Fascinatingly, Dunphy alludes in the letter to a conversation he had with Welles in Washington several months prior, although he does not describe it in detail. Among the 2.1 million Union soldiers fighting in the war, Dunphy had the rare honor of meeting the secretary of the Navy and so felt a special confidence when writing to him that speaks volumes about Welles’ ability to interact with common sailors. Dunphy’s letter also praises Welles for being an advocate for soldiers’ pensions, the income source upon which he and other invalids were so dependent. He observes that “the pension is low especially in my case when I have to pay a man to accompany me wherever I go.” This problem was partially resolved by his marriage and the availability of artificial limbs, but the pension remained important to Dunphy’s ability to raise a family until the end of his life.

This letter is also notable in that it is one of the few documents written from Dunphy’s point of view. It is difficult to tell whether he dictated or used a prosthetic limb to write, but the words at least appear to be his. In his pension files, the documents are all either written by government officials, his wife, or acquaintances regarding his legal troubles. His own words are strikingly absent from the discussion, appearing only through the filter of government investigators looking into his domestic struggles.

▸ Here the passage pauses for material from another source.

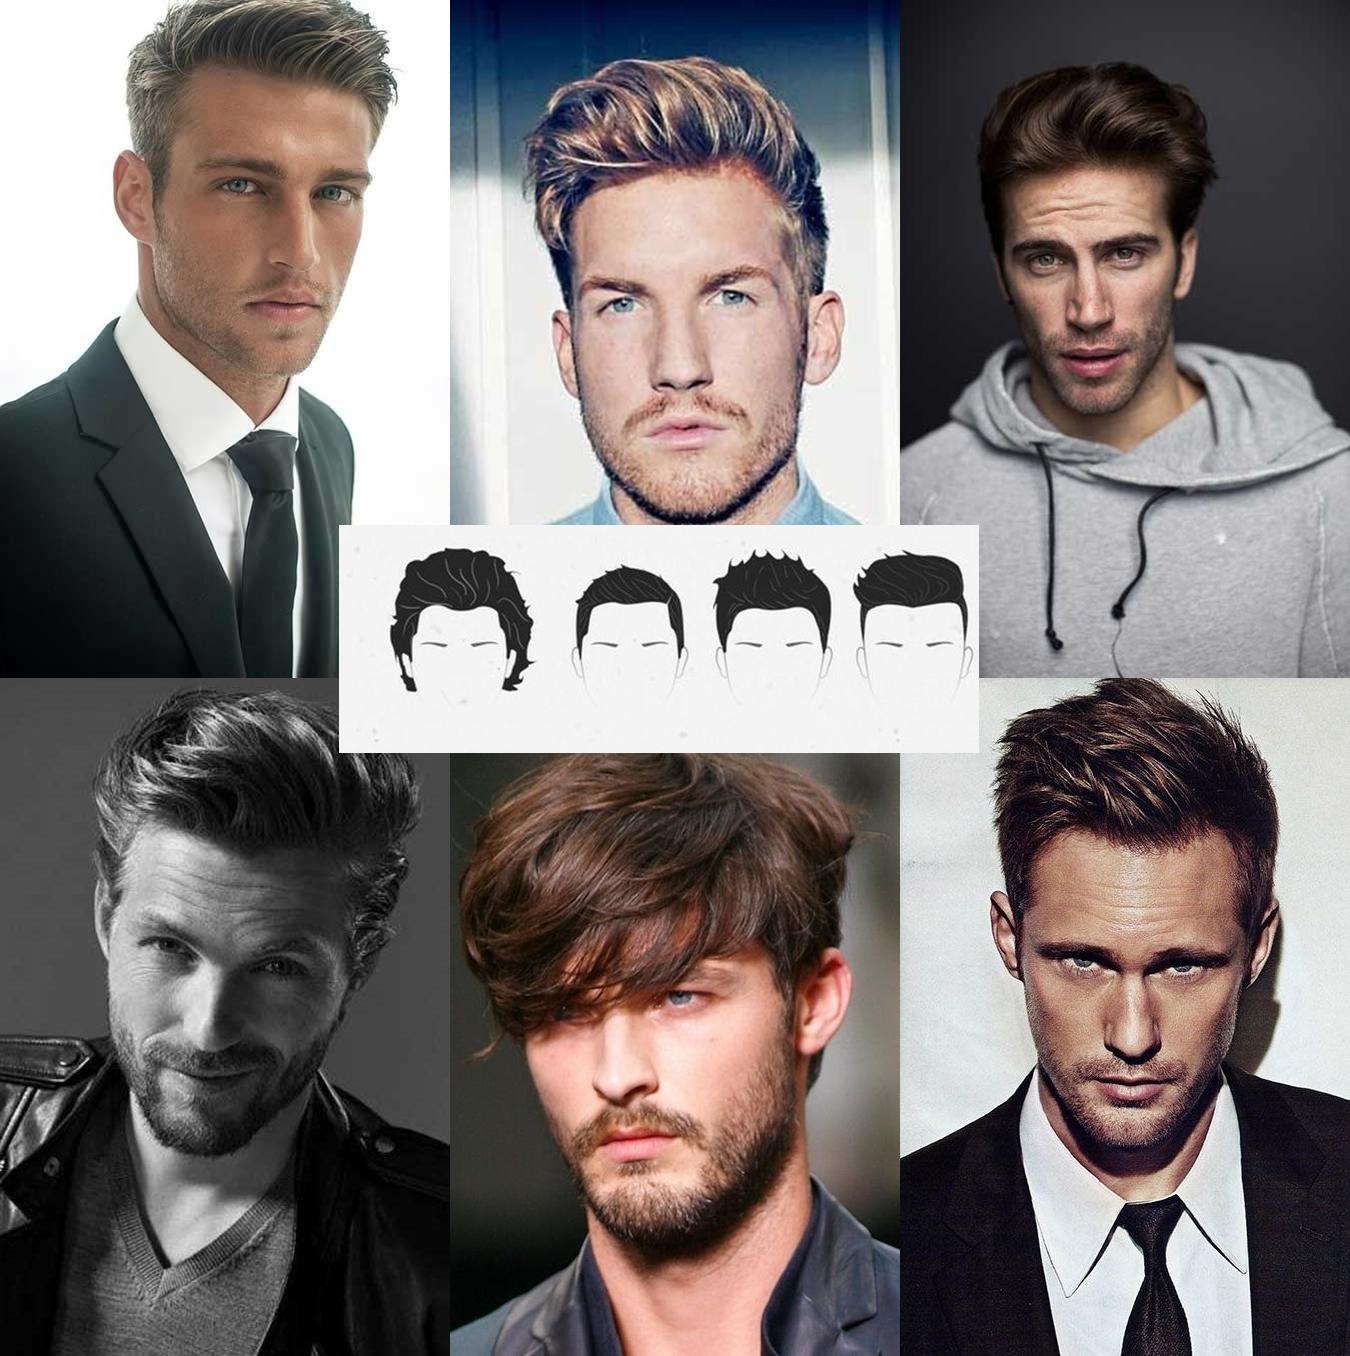 tipos de corte de cabelo para cada tipo de rosto, cortes de cabelo masculino, dicas de cortes, penteados masculino, menswear, mensstyle, blog de moda, moda sem censura, alex cursino, fashion blogger, blogueiro, blog de moda,

This letter restores Dunphy’s voice to his own story, and is therefore one of the most important documents to understanding the mentality of the wounded veteran.

Although there is no record of whether Dunphy actually received his long-sought medal, a small note on the back of the letter reads, “medal to be prepared.” Welles presumably ensured that the sailor received his medal and the issue was settled. Whether or not this was the case, the letter serves as a valuable record of Dunphy’s story as told by the veteran himself and the meaning of the Medal of Honor to one of its earliest recipients.

Sources:
Richard D. Dunphy to Gideon Welles, February 6, 1866, GLC08655, Gilder Lehrman Collection, Gilder Lehrman Institute of American History, New York City.

Images:
“Gideon Welles.” Library of Congress Prints and Photographs Division Washington, D.C. 20540 USA. Reproduction Number, LC-DIG-cwpbh-01102. Digital ID, cwpbh 01102 http://hdl.loc.gov/loc.pnp/cwpbh.01102.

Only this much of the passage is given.